Sclerosteosis 2

A number sign (#) is used with this entry because of evidence that sclerosteosis-2 (SOST2) is caused by heterozygous or homozygous mutation in the LRP4 gene (604270) on chromosome 11p11.

Description

Sclerosteosis is a severe sclerosing bone dysplasia characterized by progressive skeletal overgrowth. Syndactyly is a variable manifestation. The disorder is rare and the majority of affected individuals have been reported in the Afrikaner population of South Africa (summary by Brunkow et al., 2001).

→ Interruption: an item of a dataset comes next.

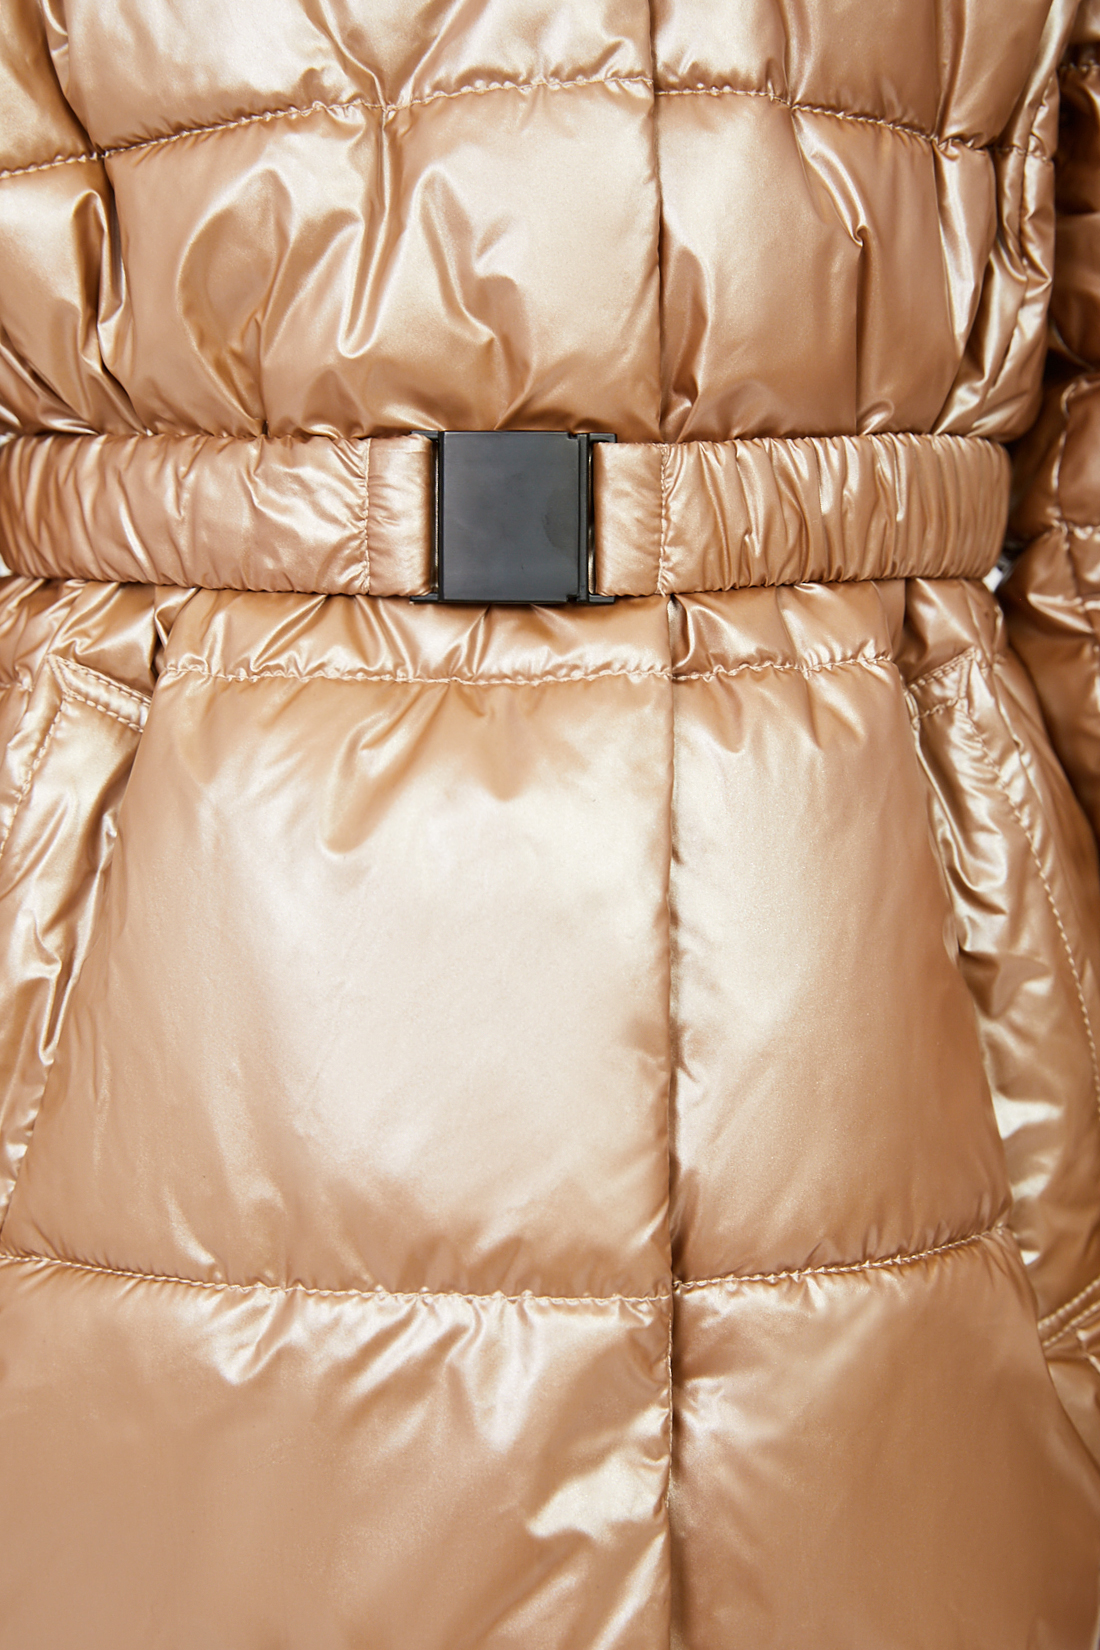 Куртка (Эко пух) (арт. baon BK041807), размер 152-158, цвет бежевый Куртка (Эко пух) (арт. baon BK041807) - фото 3

For a discussion of genetic heterogeneity of sclerosteosis, see SOST1 (269500).

Clinical Features

Bueno et al. (1994) described a 17-year-old Spanish patient with sclerosteosis. He presented at age 12 years with right facial nerve palsy; examination revealed facial asymmetry due to the palsy, mild frontal bossing, midface hypoplasia, dental malocclusion, and marked prognathism. Bilateral 3-4 syndactyly of fingers and toes was observed at birth; in addition, the distal phalanges of some fingers were short and radially deviated, with hypoplastic nails. Radiographic findings included a widened and uniformly sclerotic calvarium with a very dense base, prominent vascular markings, expanded sella turcica, enlarged frontal sinuses, enlarged sclerotic mandible, widened and dense clavicles and ribs, and sclerotic vertebral endplates and pedicles. All long bones were involved and showed cortical hyperostosis with moderate alteration of external contours. There was bilateral 3-4 bony syndactyly of the fingers, with shortening and radial deviation of several distal phalanges; no skeletal anomalies of the toes were seen. At 17 years of age, his height was above the 97th percentile, and his head circumference was greater than the 98th percentile. He had no symptoms other than the mild right facial palsy; specifically, he had no hearing impairment or signs of increased intracranial pressure. Bueno et al. (1994) stated that the patient had no known Dutch ancestry and that this was the first reported case of sclerosteosis in an individual of Mediterranean origin.

Itin et al. (2001) reported a 36-year-old woman of Greek origin who had finger and nail dysplasia and facial asymmetry since birth. Examination due to increasing spastic and ataxic gait disturbances revealed hypertelorism and a broad facial appearance, with cranial nerve disturbances including bilateral peripheral facial nerve palsy and hearing loss related to bony narrowing of the cranial nerve foramina, and spastic-ataxic tetraparesis. The patient had bilateral hypoplasia of the index fingers, and nails were dysplastic and separated into 2 parts, particularly on the index fingers. Radiologic evaluation showed hyperostosis of the skull, with 3.5-cm thick cortical bone by CT scan; x-rays of the hands and legs showed hyperostotic cortical thickening. Itin et al. (2001) stated that the syndactyly/brachyphalangy with nail dysplasia was characteristic and should be recognized as a marker for sclerosteosis.

Molecular Genetics

In a Spanish man and an unrelated woman of Greek origin with sclerosteosis, originally reported by Bueno et al. (1994) and Itin et al. (2001), respectively, Leupin et al. (2011) identified heterozygosity and homozygosity for missense mutations in the LRP4 gene (604270.0009-604270.0010). Leupin et al. (2011) noted that although both patients exhibited the typical sclerosteosis features of finger syndactyly, facial asymmetry, and cortical thickening of the skull and long bones, the heterozygous Spanish patient had only mild facial palsy, whereas the homozygous Greek patient had more severe neurologic complications that included hearing loss and spastic-ataxic tetraparesis.